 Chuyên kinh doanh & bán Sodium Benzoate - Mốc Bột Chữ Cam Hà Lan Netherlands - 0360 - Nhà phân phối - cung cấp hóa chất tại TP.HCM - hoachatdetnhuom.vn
------
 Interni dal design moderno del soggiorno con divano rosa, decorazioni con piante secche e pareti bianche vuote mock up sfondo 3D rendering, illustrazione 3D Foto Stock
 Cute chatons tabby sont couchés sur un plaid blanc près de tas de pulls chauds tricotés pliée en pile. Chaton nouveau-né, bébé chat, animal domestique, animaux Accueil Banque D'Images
------
◆ Task goal ◆
Print only what lies in the material above starting at the line with "Interni dal design" and ending at the line with "Cute chatons tabby", every line exactly as given.

◆ Exercise output ◆
 Interni dal design moderno del soggiorno con divano rosa, decorazioni con piante secche e pareti bianche vuote mock up sfondo 3D rendering, illustrazione 3D Foto Stock
 Cute chatons tabby sont couchés sur un plaid blanc près de tas de pulls chauds tricotés pliée en pile. Chaton nouveau-né, bébé chat, animal domestique, animaux Accueil Banque D'Images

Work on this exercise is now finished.